• **WHAT IS BEING ASKED**
Transcribe the data that follows precisely, omitting nothing.

Saved data entries
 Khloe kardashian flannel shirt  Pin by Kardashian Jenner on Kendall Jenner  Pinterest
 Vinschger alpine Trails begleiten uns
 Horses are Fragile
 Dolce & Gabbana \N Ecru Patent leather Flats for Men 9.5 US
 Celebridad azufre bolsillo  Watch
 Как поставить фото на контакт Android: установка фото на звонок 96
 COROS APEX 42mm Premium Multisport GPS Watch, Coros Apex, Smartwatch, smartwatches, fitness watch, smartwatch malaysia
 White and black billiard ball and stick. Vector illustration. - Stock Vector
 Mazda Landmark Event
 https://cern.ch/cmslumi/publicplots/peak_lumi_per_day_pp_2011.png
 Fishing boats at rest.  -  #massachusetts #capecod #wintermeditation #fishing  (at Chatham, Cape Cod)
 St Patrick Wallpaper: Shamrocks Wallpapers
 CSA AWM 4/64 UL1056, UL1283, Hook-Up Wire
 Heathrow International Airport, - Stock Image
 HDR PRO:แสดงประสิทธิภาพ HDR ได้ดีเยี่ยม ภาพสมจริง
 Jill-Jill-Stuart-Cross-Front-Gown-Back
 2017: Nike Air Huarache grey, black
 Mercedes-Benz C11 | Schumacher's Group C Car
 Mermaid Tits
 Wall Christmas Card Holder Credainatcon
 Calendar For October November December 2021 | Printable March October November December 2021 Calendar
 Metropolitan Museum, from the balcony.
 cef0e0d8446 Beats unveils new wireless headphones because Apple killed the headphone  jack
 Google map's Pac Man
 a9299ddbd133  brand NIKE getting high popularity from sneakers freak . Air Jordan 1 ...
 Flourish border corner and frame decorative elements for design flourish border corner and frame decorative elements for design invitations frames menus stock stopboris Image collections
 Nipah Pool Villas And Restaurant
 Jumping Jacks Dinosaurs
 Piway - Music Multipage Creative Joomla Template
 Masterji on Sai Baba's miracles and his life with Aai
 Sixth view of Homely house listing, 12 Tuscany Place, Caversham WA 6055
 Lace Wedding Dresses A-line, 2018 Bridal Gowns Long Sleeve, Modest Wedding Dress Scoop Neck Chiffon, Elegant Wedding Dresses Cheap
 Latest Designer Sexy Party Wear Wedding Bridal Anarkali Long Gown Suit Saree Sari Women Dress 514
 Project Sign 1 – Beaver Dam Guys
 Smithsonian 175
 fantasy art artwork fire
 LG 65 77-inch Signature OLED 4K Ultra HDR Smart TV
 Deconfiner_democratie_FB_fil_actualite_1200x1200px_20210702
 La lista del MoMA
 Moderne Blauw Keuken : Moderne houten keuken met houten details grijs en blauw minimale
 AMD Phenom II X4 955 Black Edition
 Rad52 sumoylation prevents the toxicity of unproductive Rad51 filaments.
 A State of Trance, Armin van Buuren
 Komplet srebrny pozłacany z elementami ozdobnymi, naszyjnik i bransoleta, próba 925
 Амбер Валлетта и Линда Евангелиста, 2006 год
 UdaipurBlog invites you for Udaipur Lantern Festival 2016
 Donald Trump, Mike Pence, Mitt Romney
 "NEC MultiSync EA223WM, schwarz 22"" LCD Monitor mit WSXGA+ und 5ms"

• **TASK RESPONSE**
 Khloe kardashian flannel shirt  Pin by Kardashian Jenner on Kendall Jenner  Pinterest
 Vinschger alpine Trails begleiten uns
 Horses are Fragile
 Dolce & Gabbana \N Ecru Patent leather Flats for Men 9.5 US
 Celebridad azufre bolsillo  Watch
 Как поставить фото на контакт Android: установка фото на звонок 96
 COROS APEX 42mm Premium Multisport GPS Watch, Coros Apex, Smartwatch, smartwatches, fitness watch, smartwatch malaysia
 White and black billiard ball and stick. Vector illustration. - Stock Vector
 Mazda Landmark Event
 https://cern.ch/cmslumi/publicplots/peak_lumi_per_day_pp_2011.png
 Fishing boats at rest.  -  #massachusetts #capecod #wintermeditation #fishing  (at Chatham, Cape Cod)
 St Patrick Wallpaper: Shamrocks Wallpapers
 CSA AWM 4/64 UL1056, UL1283, Hook-Up Wire
 Heathrow International Airport, - Stock Image
 HDR PRO:แสดงประสิทธิภาพ HDR ได้ดีเยี่ยม ภาพสมจริง
 Jill-Jill-Stuart-Cross-Front-Gown-Back
 2017: Nike Air Huarache grey, black
 Mercedes-Benz C11 | Schumacher's Group C Car
 Mermaid Tits
 Wall Christmas Card Holder Credainatcon
 Calendar For October November December 2021 | Printable March October November December 2021 Calendar
 Metropolitan Museum, from the balcony.
 cef0e0d8446 Beats unveils new wireless headphones because Apple killed the headphone  jack
 Google map's Pac Man
 a9299ddbd133  brand NIKE getting high popularity from sneakers freak . Air Jordan 1 ...
 Flourish border corner and frame decorative elements for design flourish border corner and frame decorative elements for design invitations frames menus stock stopboris Image collections
 Nipah Pool Villas And Restaurant
 Jumping Jacks Dinosaurs
 Piway - Music Multipage Creative Joomla Template
 Masterji on Sai Baba's miracles and his life with Aai
 Sixth view of Homely house listing, 12 Tuscany Place, Caversham WA 6055
 Lace Wedding Dresses A-line, 2018 Bridal Gowns Long Sleeve, Modest Wedding Dress Scoop Neck Chiffon, Elegant Wedding Dresses Cheap
 Latest Designer Sexy Party Wear Wedding Bridal Anarkali Long Gown Suit Saree Sari Women Dress 514
 Project Sign 1 – Beaver Dam Guys
 Smithsonian 175
 fantasy art artwork fire
 LG 65 77-inch Signature OLED 4K Ultra HDR Smart TV
 Deconfiner_democratie_FB_fil_actualite_1200x1200px_20210702
 La lista del MoMA
 Moderne Blauw Keuken : Moderne houten keuken met houten details grijs en blauw minimale
 AMD Phenom II X4 955 Black Edition
 Rad52 sumoylation prevents the toxicity of unproductive Rad51 filaments.
 A State of Trance, Armin van Buuren
 Komplet srebrny pozłacany z elementami ozdobnymi, naszyjnik i bransoleta, próba 925
 Амбер Валлетта и Линда Евангелиста, 2006 год
 UdaipurBlog invites you for Udaipur Lantern Festival 2016
 Donald Trump, Mike Pence, Mitt Romney
 "NEC MultiSync EA223WM, schwarz 22"" LCD Monitor mit WSXGA+ und 5ms"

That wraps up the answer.